Diwali – Festival of Lights

By Christine J. Flores, CBA

Last year, a friend of mine gave me a row of lights which are used during Diwali, so I thought I would research it before I light them.  My interest in this holiday has been rekindled by my plans for an upcoming trip to India.  So as we approach the holiday – which will be celebrated on November 12 this year – I thought I would check in with my friends, Kodi Dey and her husband Ranjan, regarding the Festival of Lights.

Diwali, also spelled Divali, is one of the major religious festivals in Hinduism, Jainism and Sikhism.  It is celebrated throughout India, Singapore and several other South Asian countries as a national holiday.  The name is derived from the Sanskrit term dipavali, or “row of lights.”  The festival generally symbolizes the victory of light over darkness and good over evil.  The lights symbolize the inner light that protects from spiritual darkness, as well as a time of inner illumination.  .  This festival is as important to Hindus as the Christmas holiday is to Christians.

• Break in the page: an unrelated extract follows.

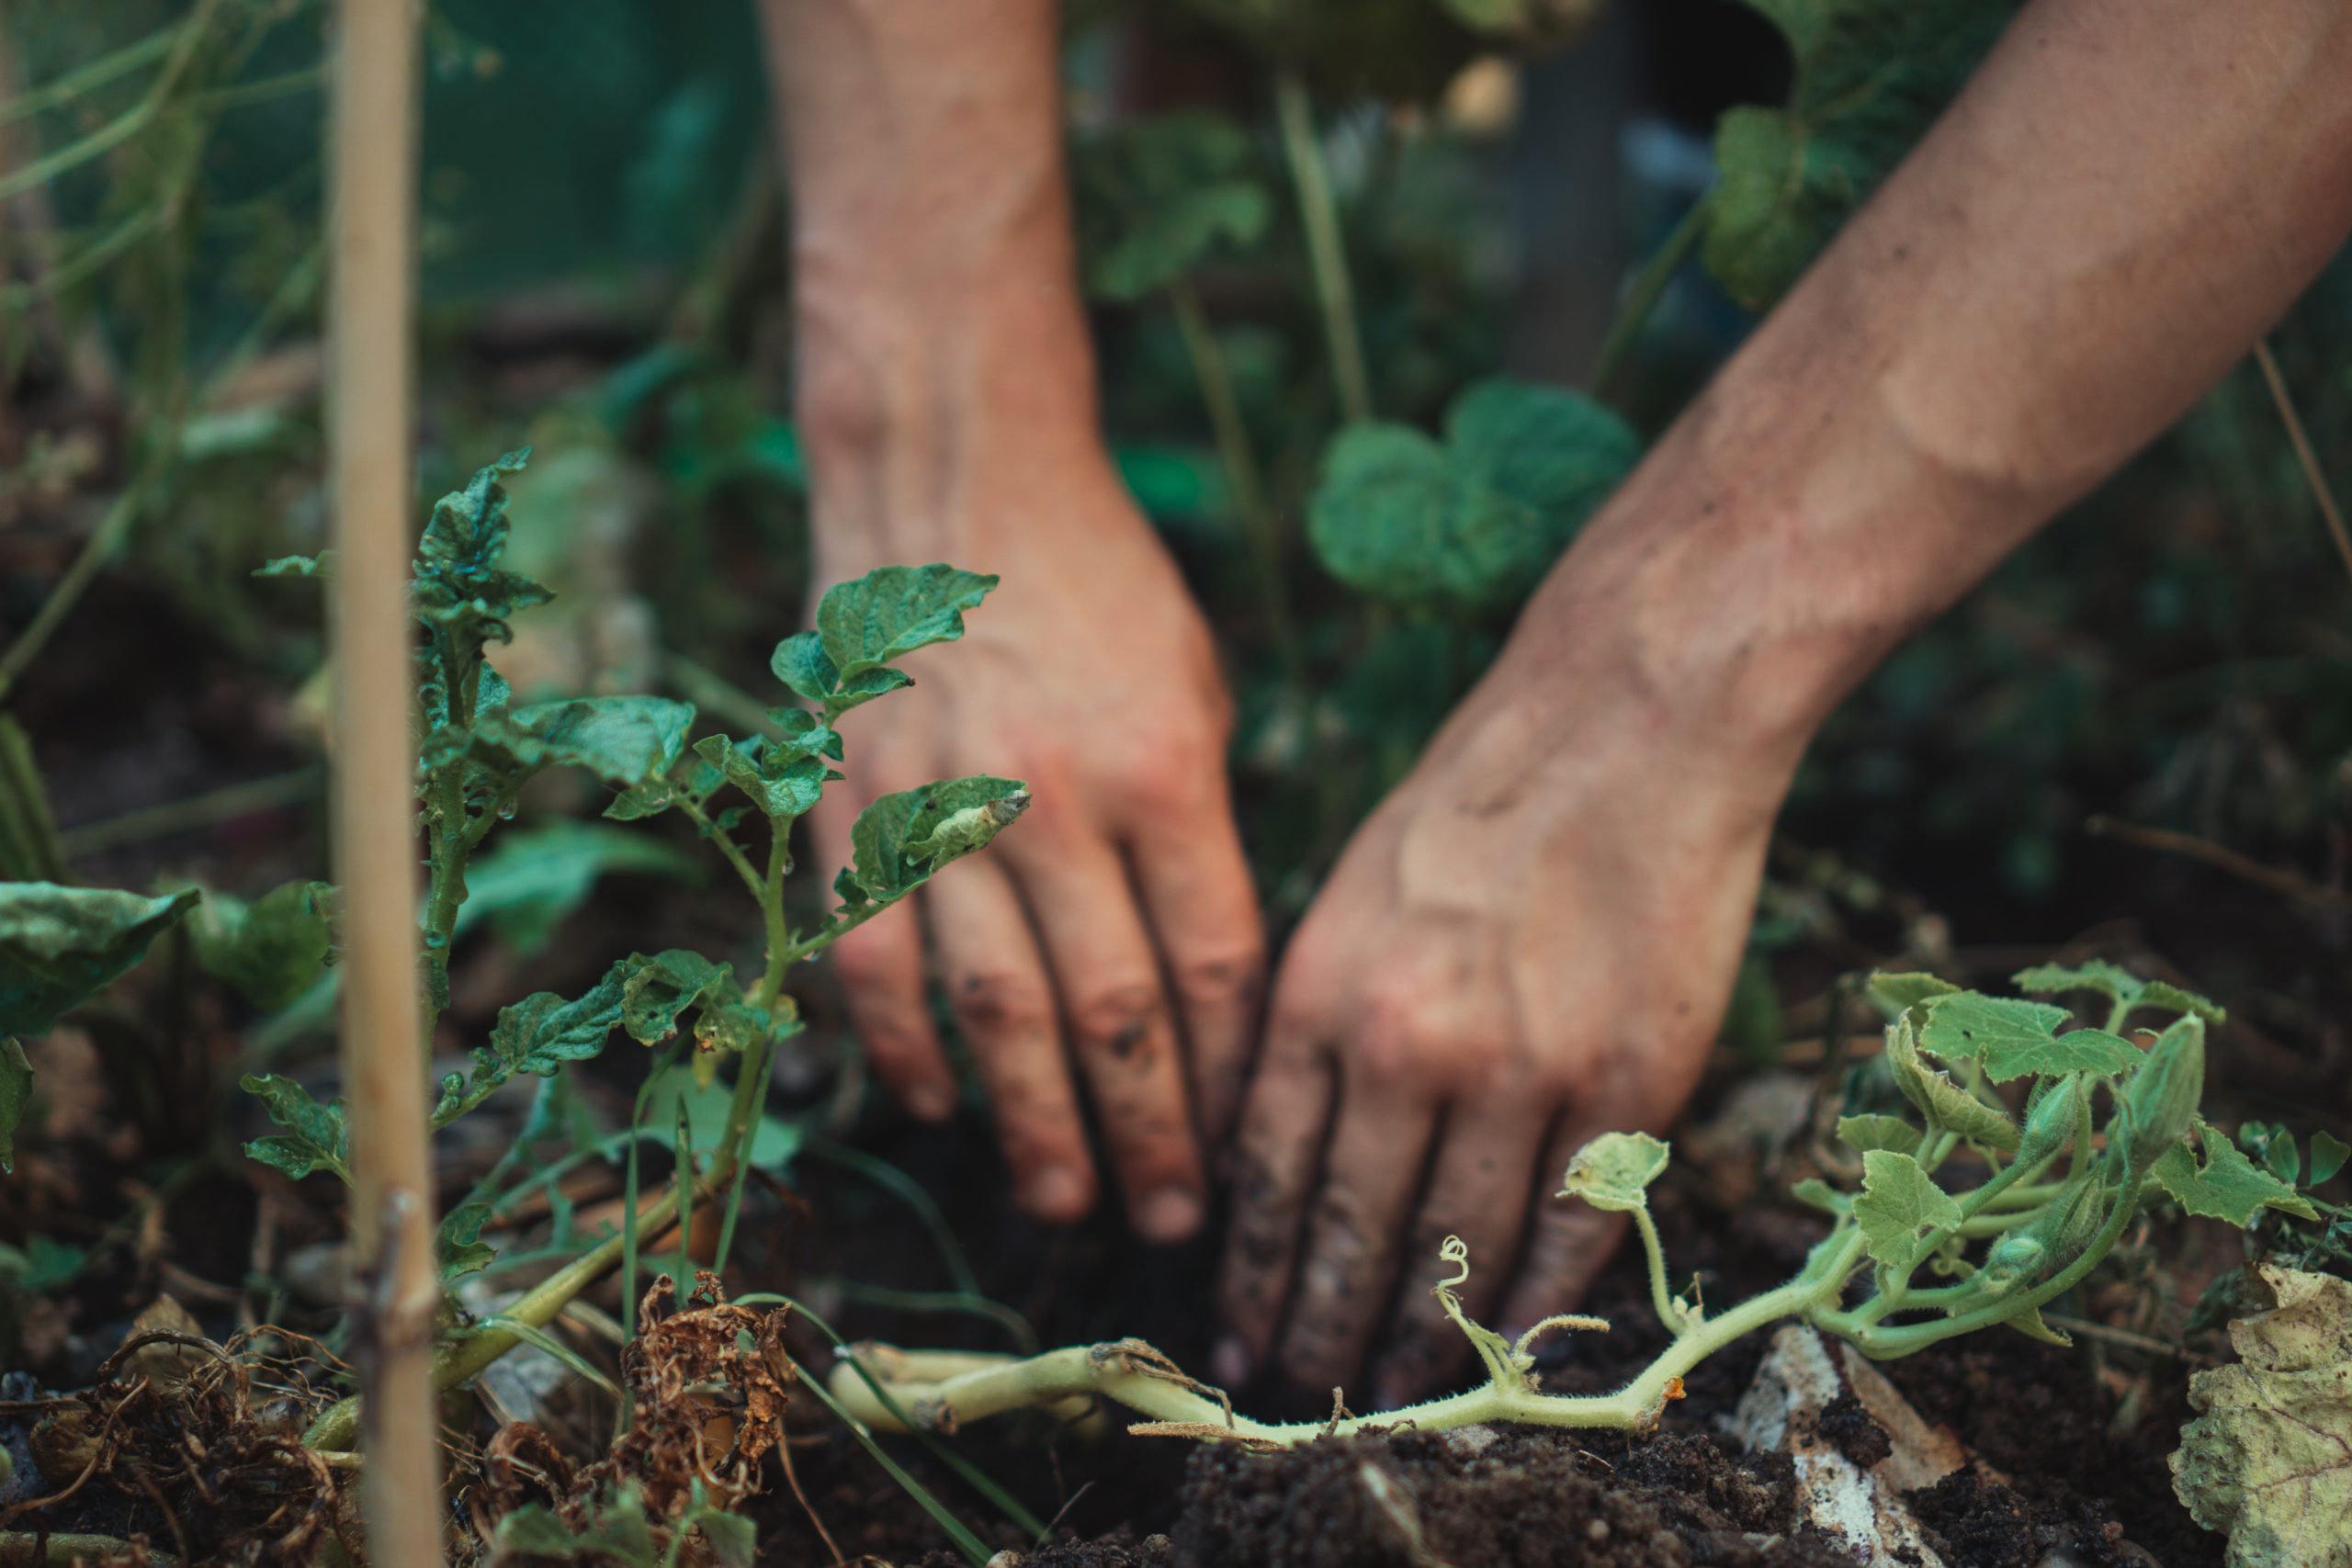 Pair of hands digging into the dirt, surrounded by some green sprouting plants

Observances of Diwali differ depending on region and tradition.  In most of India, the celebration lasts five days with the third day being the main celebration of Diwali.  There are some areas where Diwali is celebrated only on the main day.  The most widespread custom among Hindus is the lighting of diyas, or small earthenware lamps filled with oil to invite the presence of Lakshmi, the goddess of wealth.  In North India the festival also celebrates the royal homecoming of Rama to the city of Ayodhya after defeating Ravana, the 10-headed king of the demons.  In South India, the festival marks the defeat of the demon Narakasura.  Some celebrate this holiday as a commemoration of the marriage of Lakshmi and Vishnu, while others observe it as Lakshami’s birthday.

During this festival, diyas are lit and placed in rows near temples and houses, and set adrift on rivers and streams.  Homes are decorated and floors are covered with elaborate designs made of colored rice, sand, or flower petals.  The doors and windows of houses are kept open so that Lakshmi can find her way inside and bless the residents with wealth and success.

Each day of Diwali has a specific purpose.  The first day is dedicated to cleaning homes and purchasing small gold items and food for the celebration.  Lakshmi is the focus of worship on that day.  The second day commemorates Krishna’s destruction of Narakasura and it is customary to offer prayers for the souls of ancestors.  On the third day families seek blessings from Lakshmi to ensure their prosperity.  This is usually the main day of the festival, and candles are lit; and families visit temples.  Some believe that fireworks ward off the evil spirits.  The fourth day commemorates Krishna’s defeat of Kindra, the king of the gods.  This also marks the start of the new year in the Hindu calendar.  For some the bond between husband and wife is the theme for the day and husbands will often buy their wives gifts to celebrate. Many perform good deeds, including feeding the poor on this day.  The fifth day celebrates the bond between brothers and sisters, and sisters pray for the success and well-being of their brothers.  A central theme of this national holiday is family.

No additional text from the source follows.